如何关联 R 中的多个子集
How to correlate multiple subsets in R
如何分别将 8 个子集与两个不同的因变量相关联?对于两个不同的子集,我一直得到相同的相关系数(下面的示例)。这是输入:
with(subset(mydata2, PARTYID_Strength = 1), cor.test(PARTYID_Strength,
mean.legit))
with(subset(mydata2, PARTYID_Strength = 1), cor.test(PARTYID_Strength,
mean.leegauthor))
with(subset(mydata2, PARTYID_Strength = 2), cor.test(PARTYID_Strength,
mean.legit))
with(subset(mydata2, PARTYID_Strength = 2), cor.test(PARTYID_Strength,
mean.leegauthor))
输出(我为 PARTY_Strength = 1 和 2 都得到了这个):
Pearson's product-moment correlation
data: PARTYID_Strength and mean.legit t = 3.1005, df = 607, p-value
= 0.002022 alternative hypothesis: true correlation is not equal to 0 95 percent confidence interval:
0.0458644 0.2023031 sample estimates:
cor
0.1248597
Pearson's product-moment correlation
data: PARTYID_Strength and mean.leegauthor t = 2.8474, df = 607,
p-value = 0.004557 alternative hypothesis: true correlation is not
equal to 0 95 percent confidence interval:
0.03568431 0.19250344 sample estimates:
cor
0.1148091
示例数据:
> dput(head(mydata2, 10))
``structure(list(PARTYID = c(1, 3, 1, 1, 1, 4, 3, 1, 1, 1), PARTYID_Other =
c("NA",
"NA", "NA", "NA", "NA", "Green", "NA", "NA", "NA", "NA"), PARTYID_Strength =
c(1,
7, 1, 2, 1, 8, 1, 6, 1, 1), PARTYID_Strength_Other = c("NA",
"NA", "NA", "NA", "NA", "Green", "NA", "NA", "NA", "NA"), THERM_Dem = c(80,
65, 85, 30, 76, 15, 55, 62, 90, 95), THERM_Rep = c(1, 45, 10,
5, 14, 14, 0, 4, 10, 3), Gender = c("Female", "Male", "Male",
"Female", "Female", "Male", "Male", "Female", "Female", "Male"
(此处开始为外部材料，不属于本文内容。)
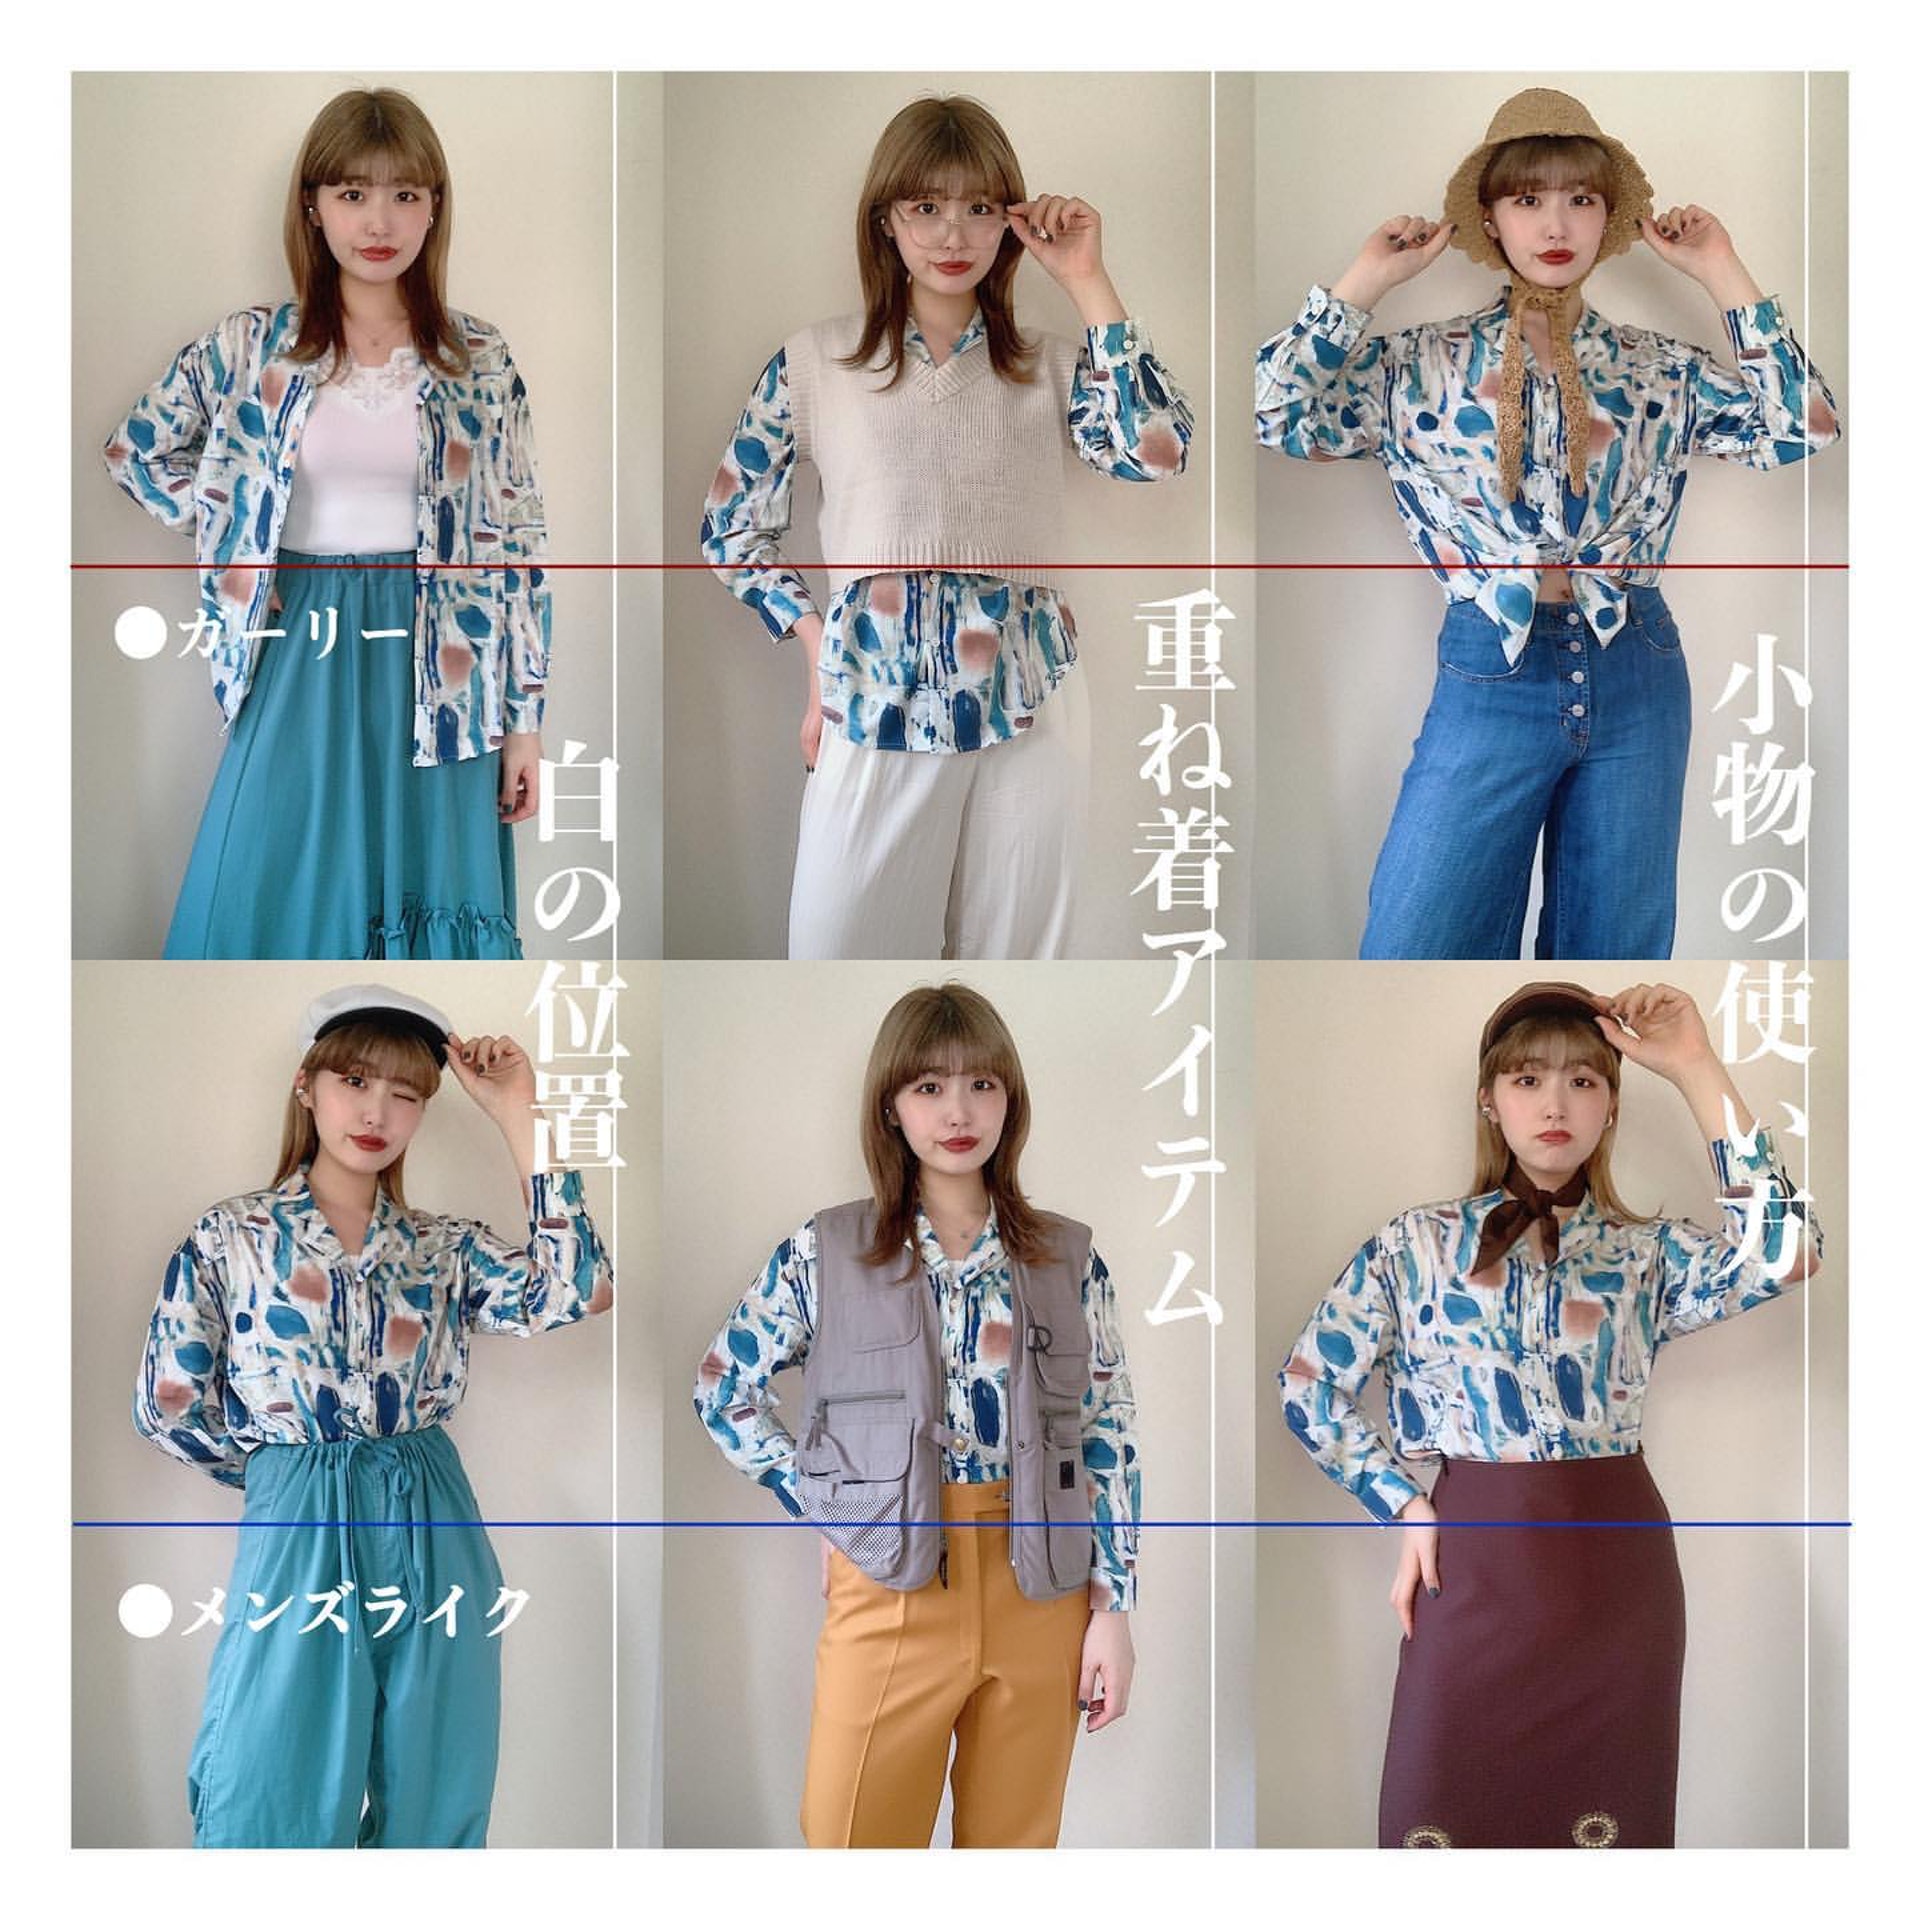 同一件印花圖案恤衫如何搭配？日本女生Chaki就示範了6個造型。(__nmsk13@Instagram)
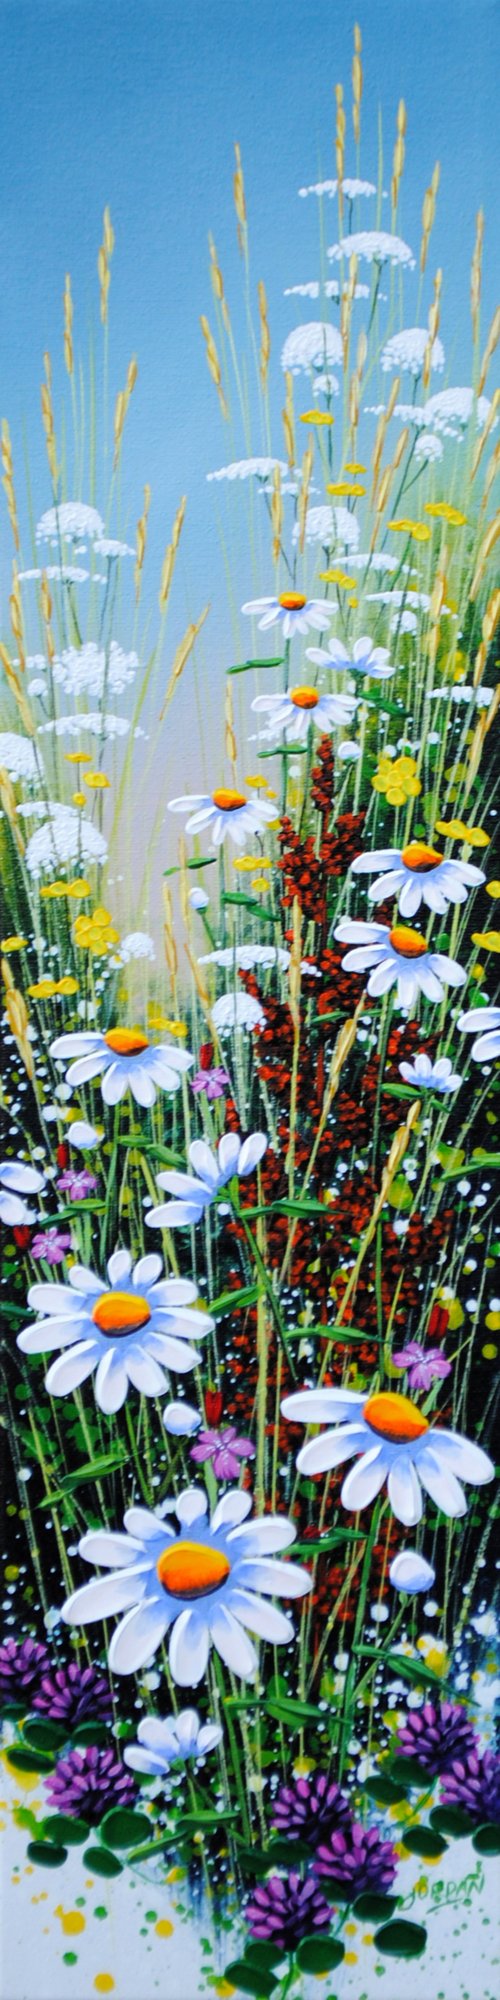 Wildflowers Ii by Jordan Hicks

), `MEAN Age` = c(29.5, 49.5, 29.5, 39.5, 29.5, 21, 39.5, 39.5,
29.5, 65), Age = c("25 - 34", "45 - 54", "25 - 34", "35 - 44",
"25 - 34", "18 - 24", "35 - 44", "35 - 44", "25 - 34", "65+"),
Ethnicity = c("White or Caucasian", "Asian or Asian American",
"White or Caucasian", "White or Caucasian", "Hispanic or Latino",
"White or Caucasian", "White or Caucasian", "White or Caucasian",
"White or Caucasian", "White or Caucasian"), Ethnicity_Other = c("NA",
"NA", "NA", "NA", "NA", "NA", "NA", "NA", "NA", "NA"), States = c("Texas",
"Texas", "Ohio", "Texas", "Puerto Rico", "New Hampshire",
"South Carolina", "Texas", "Texas", "Texas"), Education = c("Master's
degree",
"Bachelor's degree in college (4-year)", "Bachelor's degree in college (4-
year)",
"Master's degree", "Master's degree", "Less than high school degree",
"Some college but no degree", "Master's degree", "Master's degree",
"Some college but no degree"), `MEAN Income` = c(30000, 140000,
150000, 60000, 80000, 30000, 30000, 120000, 150000, 60000
), Income = c("Less than ,000", "0,001 to 0,000",
"More than 0,000", ",001 to ,000", ",001 to ,000",
"Less than ,000", "Less than ,000", "0,001 to 0,000",
"More than 0,000", ",001 to ,000"), mean.partystrength = c(3.875,
2.875, 2.375, 3.5, 2.625, 3.125, 3.375, 3.125, 3.25, 3.625
), mean.traitrep = c(2.5, 2.625, 2.25, 2.625, 2.75, 1.875,
2.75, 2.875, 2.75, 3), mean.traitdem = c(2.25, 2.625, 2.375,
2.75, 2.625, 2.125, 1.875, 3, 2, 2.5), mean.leegauthor = c(1,
2, 2, 4, 1, 4, 1, 1, 1, 1), mean.legit = c(1.71428571428571,
3.28571428571429, 2.42857142857143, 2.42857142857143, 2.14285714285714,
1.28571428571429, 1.42857142857143, 1.14285714285714, 2.14285714285714,
1.28571428571429)), row.names = c(NA, -10L), class = c("tbl_df",
"tbl", "data.frame"))``
谢谢!
为了 运行 测试,创建一个感兴趣列的向量,然后 sapply
每个列的匿名函数。
fixed <- "PARTYID_Strength"
cols <- c("mean.leegauthor", "mean.legit")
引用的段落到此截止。